▸ **REQUIRED ACTION**: Omit all pictures, then retype exactly the lines from the one that contains "Snowmobile | MunroPowersports.com" through the end of the listing.

▸ **SUPPLIED DATA**:
====

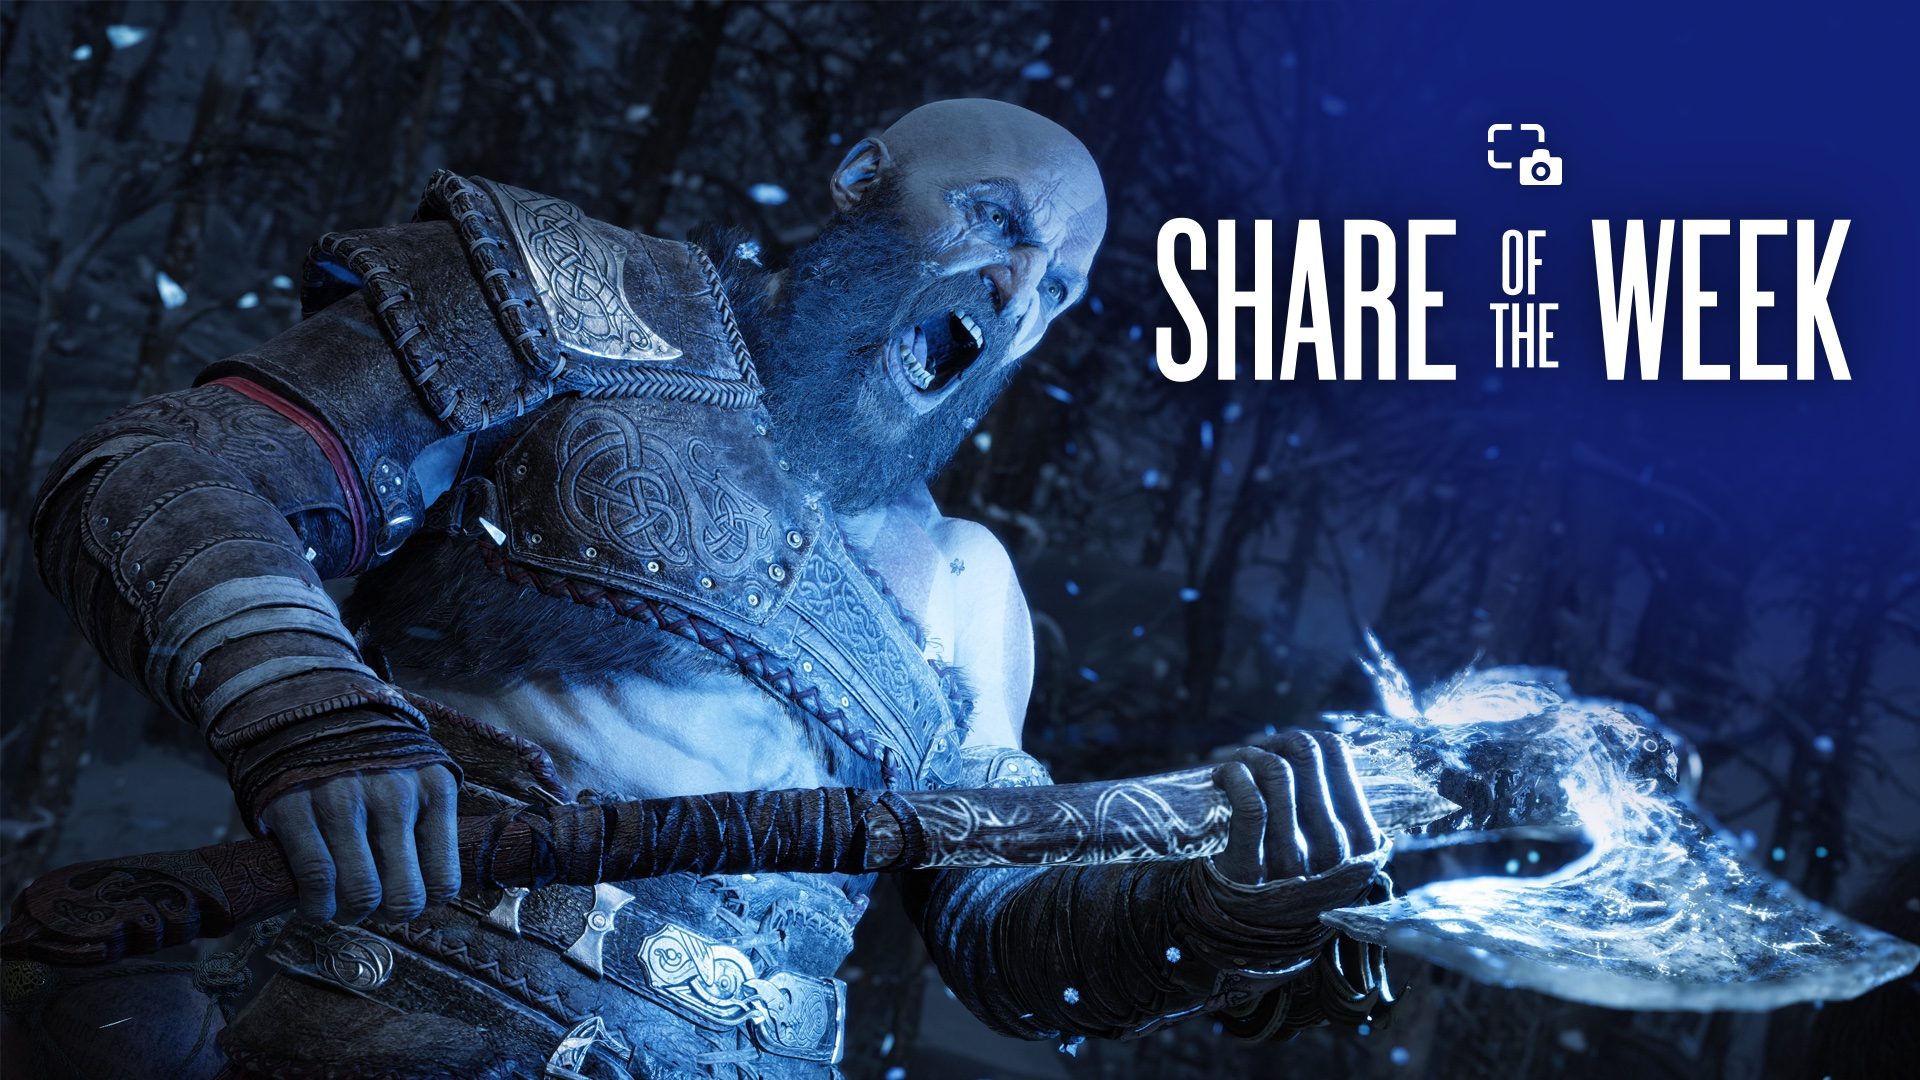 God of War Ragnarök Photo Mode tips from community virtual photographers –  PlayStation.Blog
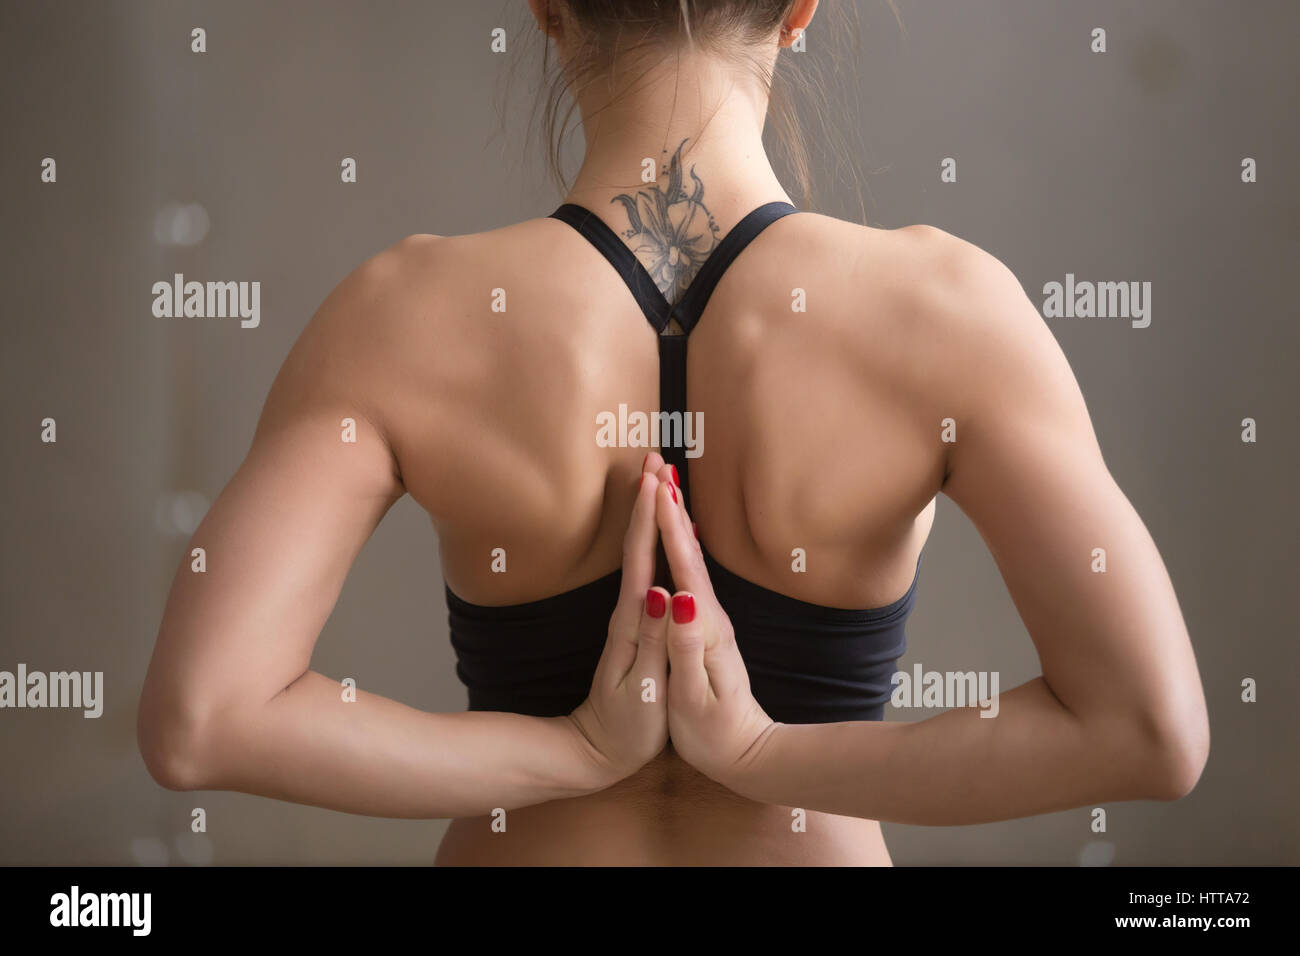 Junge attraktive Frau macht Namaste hinter den Rücken, graue stud Stockfoto
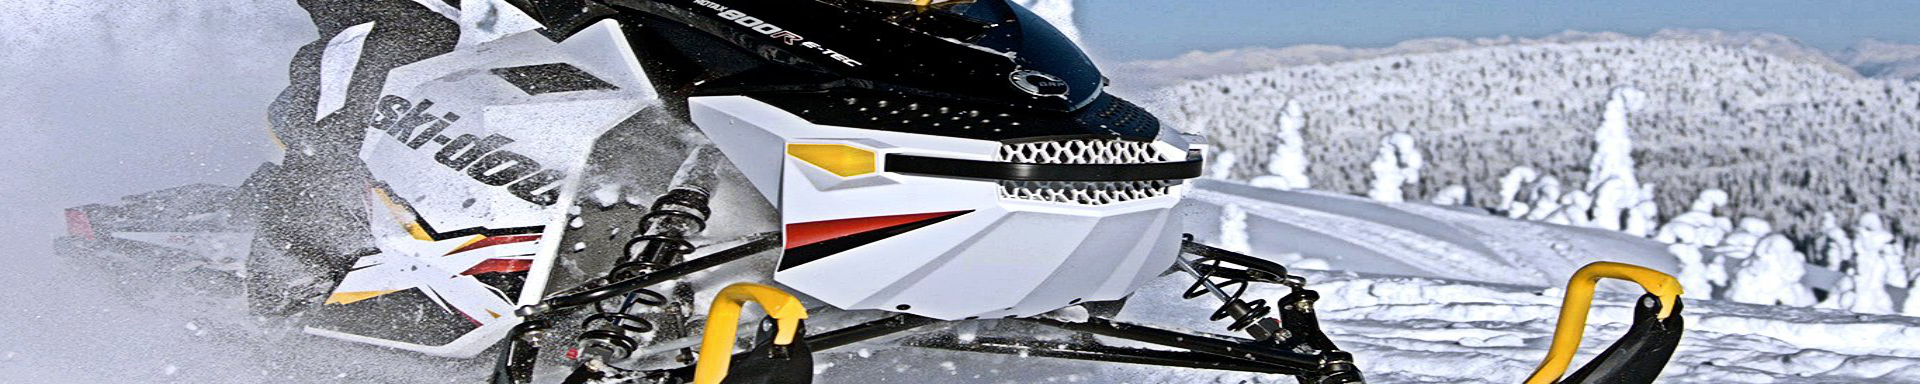 Snowmobile | MunroPowersports.com | Munro Industries mp-10080203
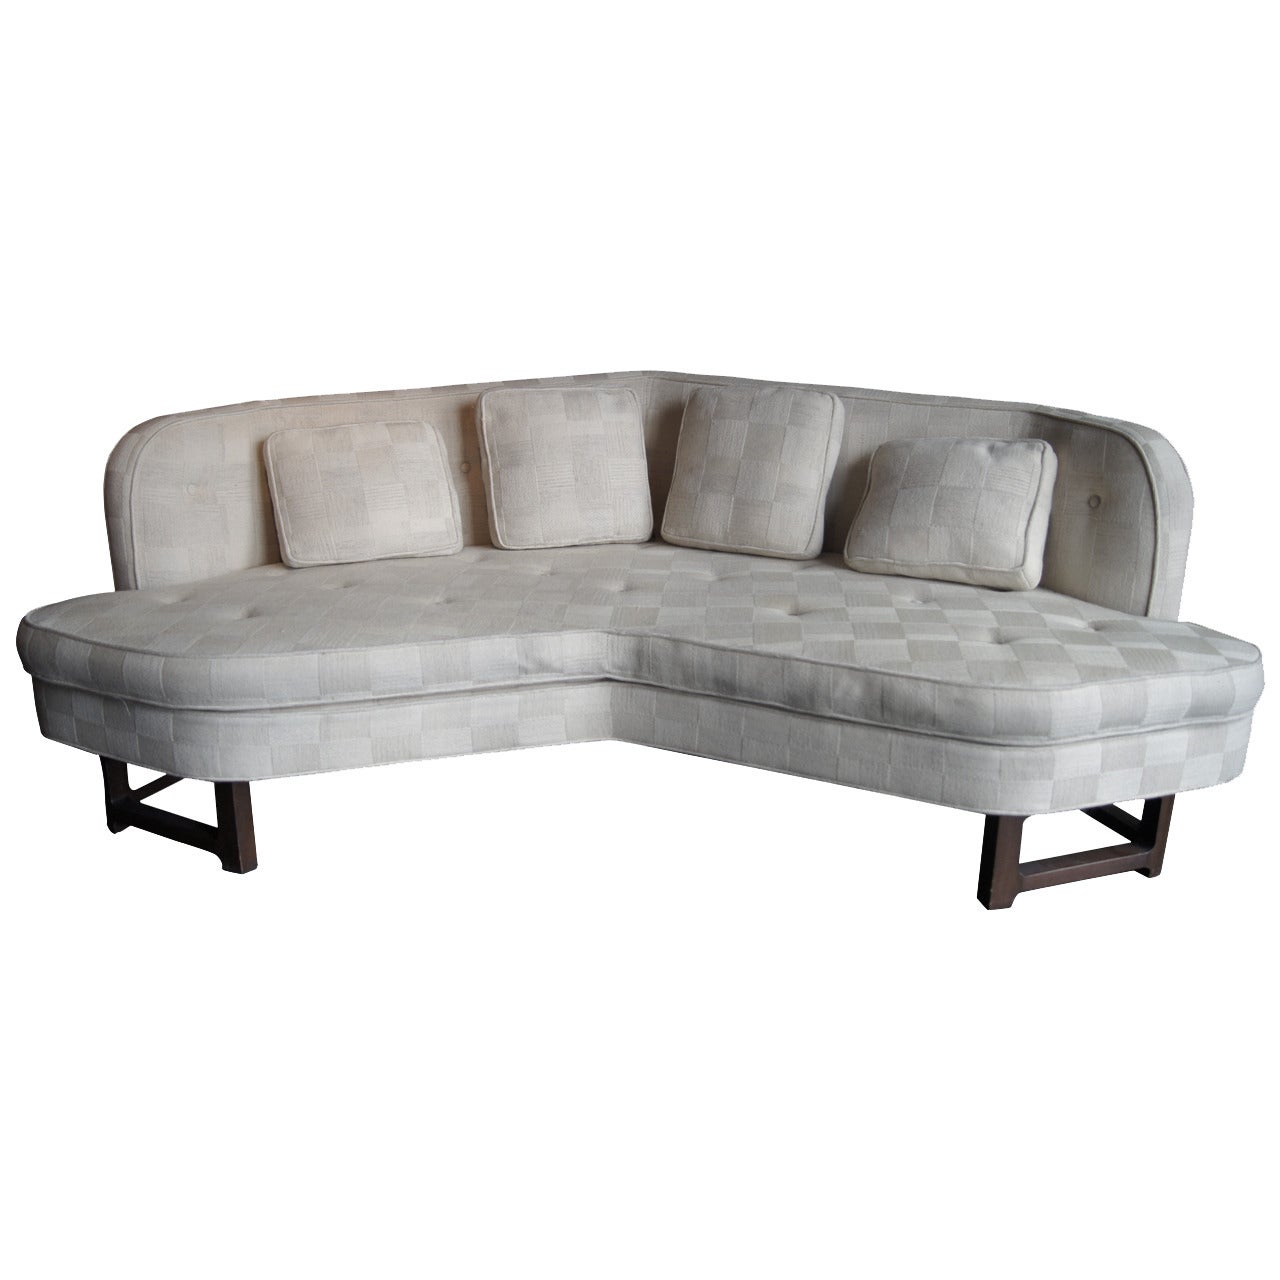 Angular Janus Collection Sofa, Model 6329, by Edward Wormley for Dunbar

====

▸ **RESPONSE BOX**:
 Snowmobile | MunroPowersports.com | Munro Industries mp-10080203
 Angular Janus Collection Sofa, Model 6329, by Edward Wormley for Dunbar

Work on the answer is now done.